**How to complete this task:**
Excluding images, repeat the data exactly as given.

**Data block:**
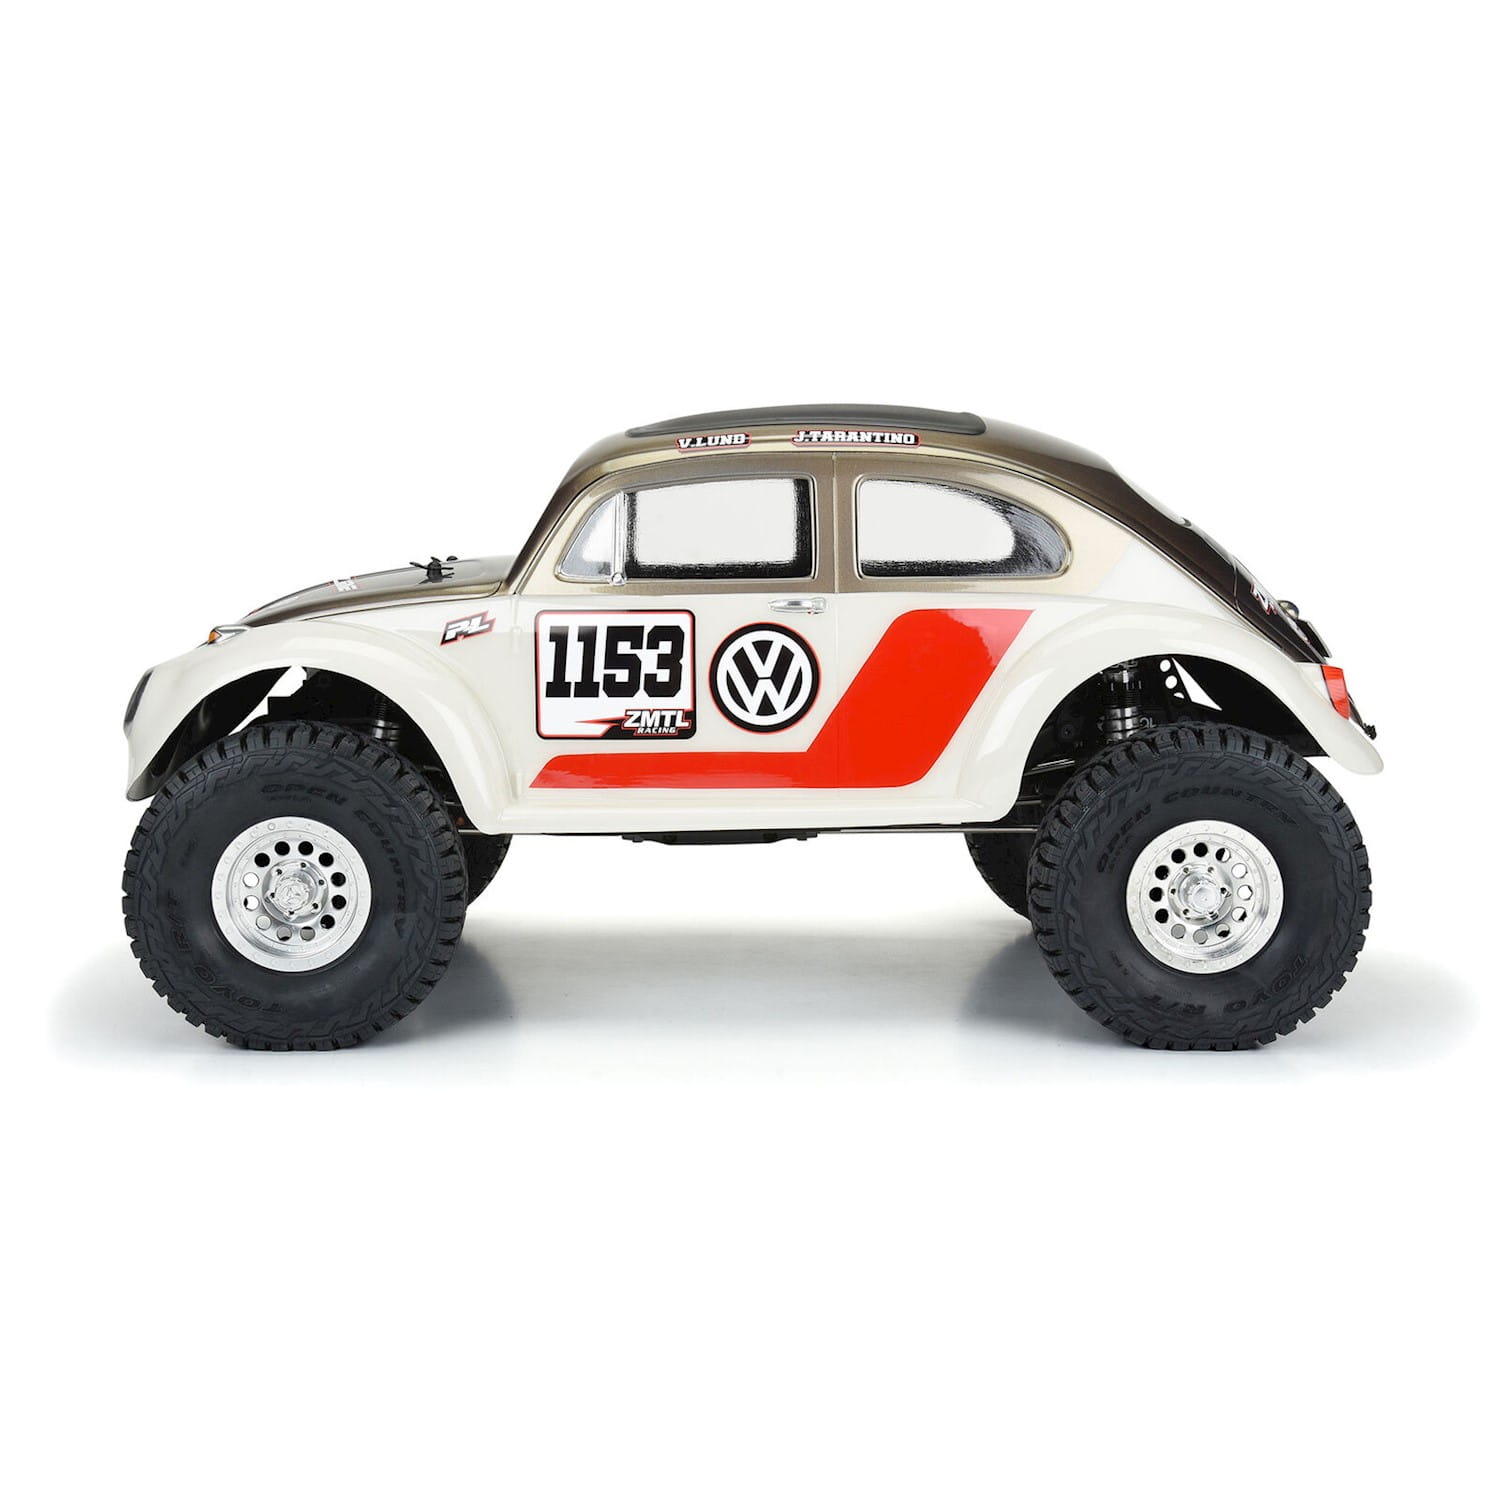 Proline Crawler Karosserie Volkswagen VW Beetle 1:10 unlackiert 12.3" Wheelbase
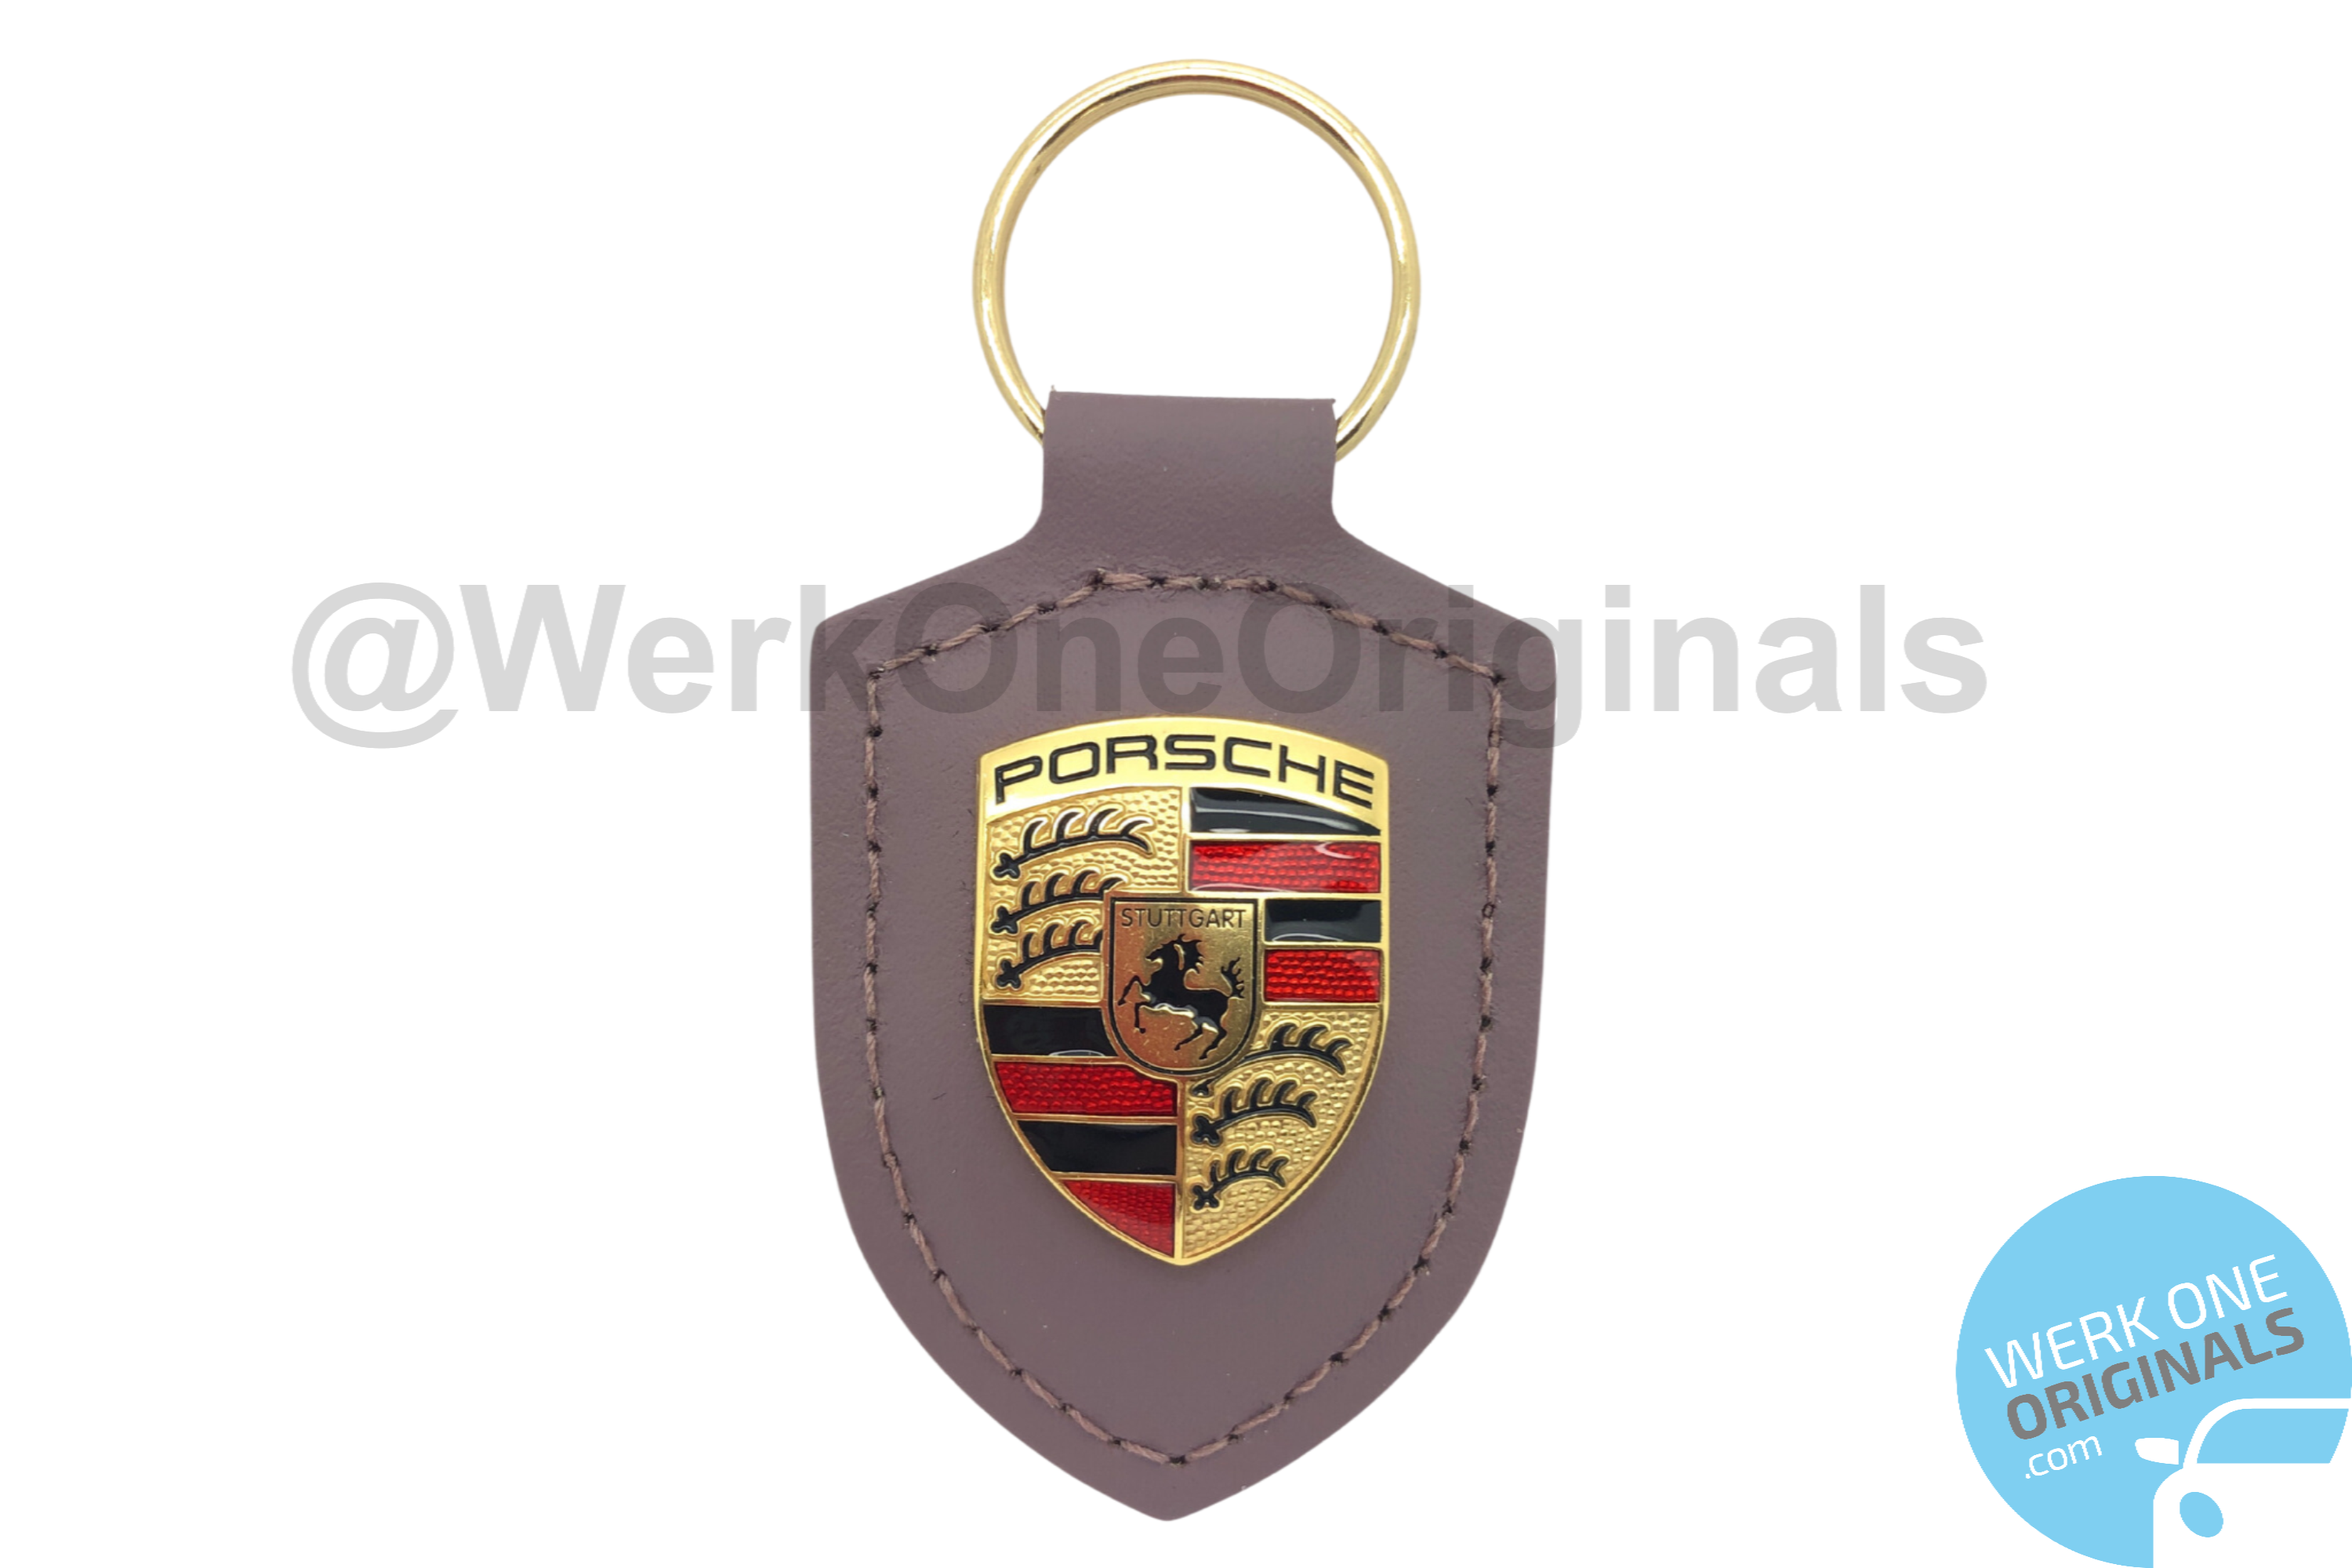 Porsche Official Crest Keyfob in Frozen Berry Metallic
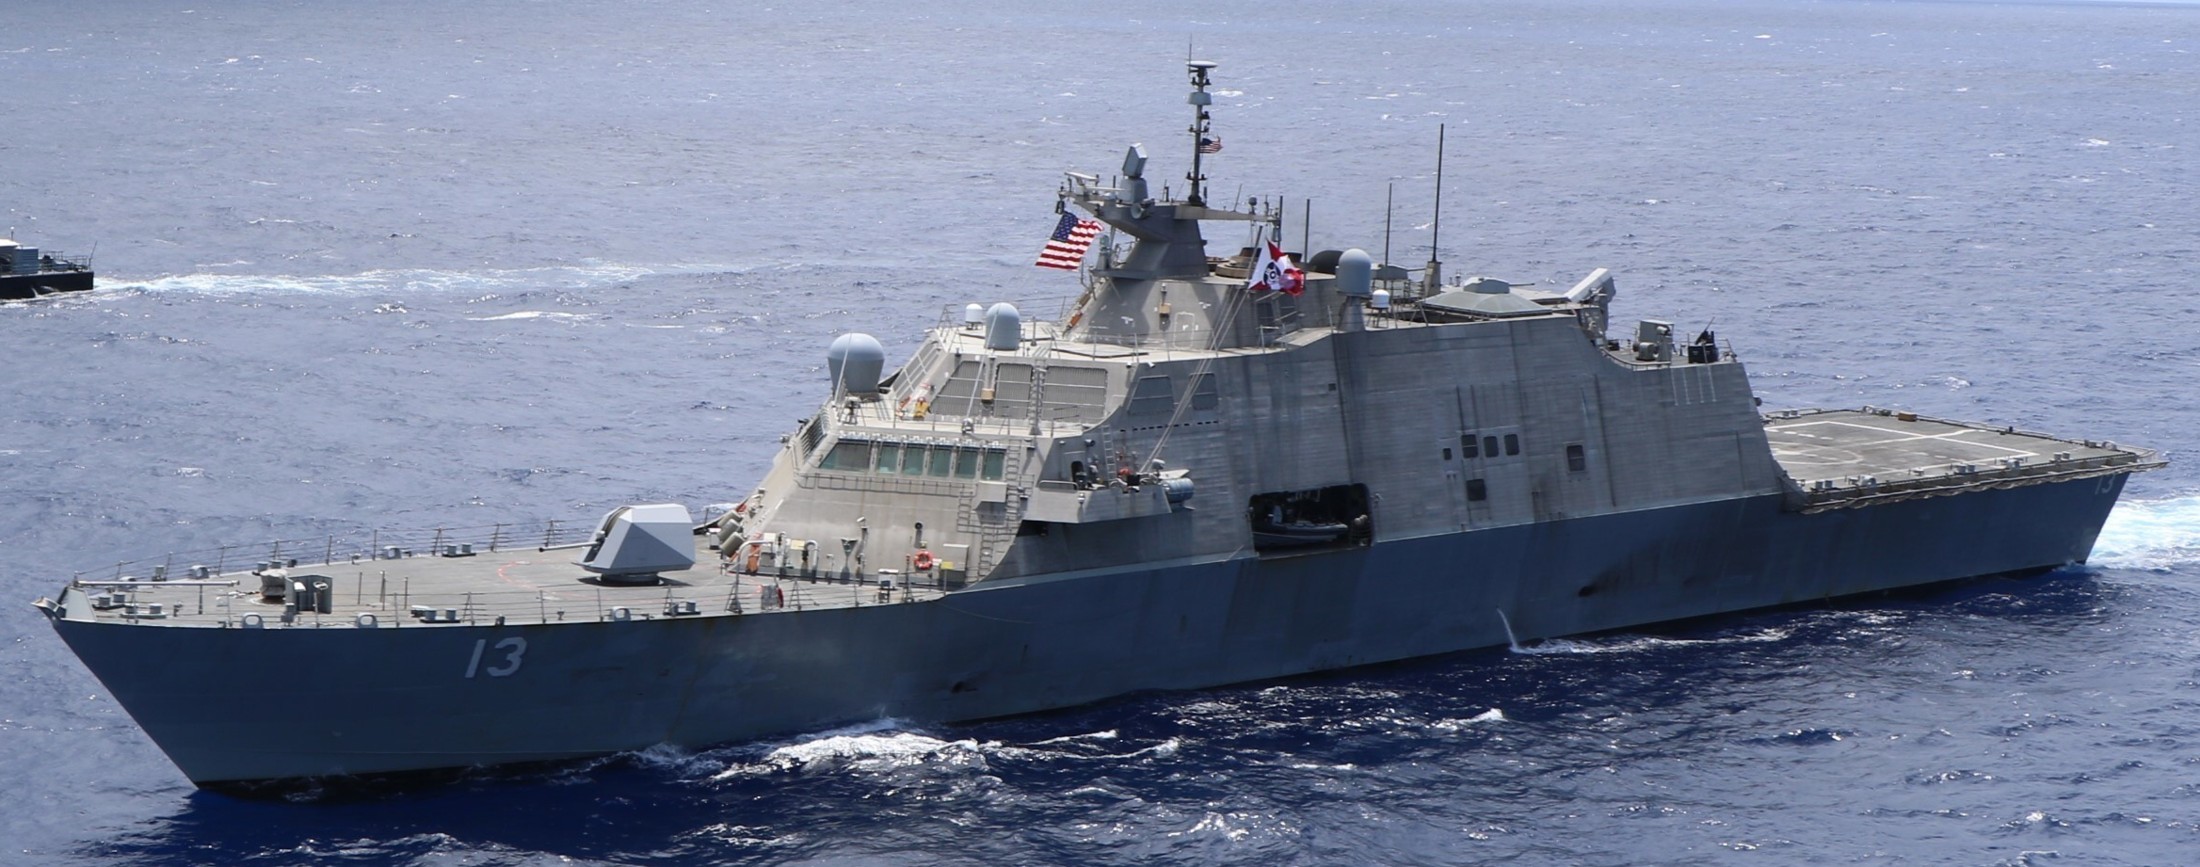 lcs-13 uss wichita freedom class littoral combat ship us navy caribbean sea 32

**Exercise result:**
 Proline Crawler Karosserie Volkswagen VW Beetle 1:10 unlackiert 12.3" Wheelbase
 Porsche Official Crest Keyfob in Frozen Berry Metallic
 lcs-13 uss wichita freedom class littoral combat ship us navy caribbean sea 32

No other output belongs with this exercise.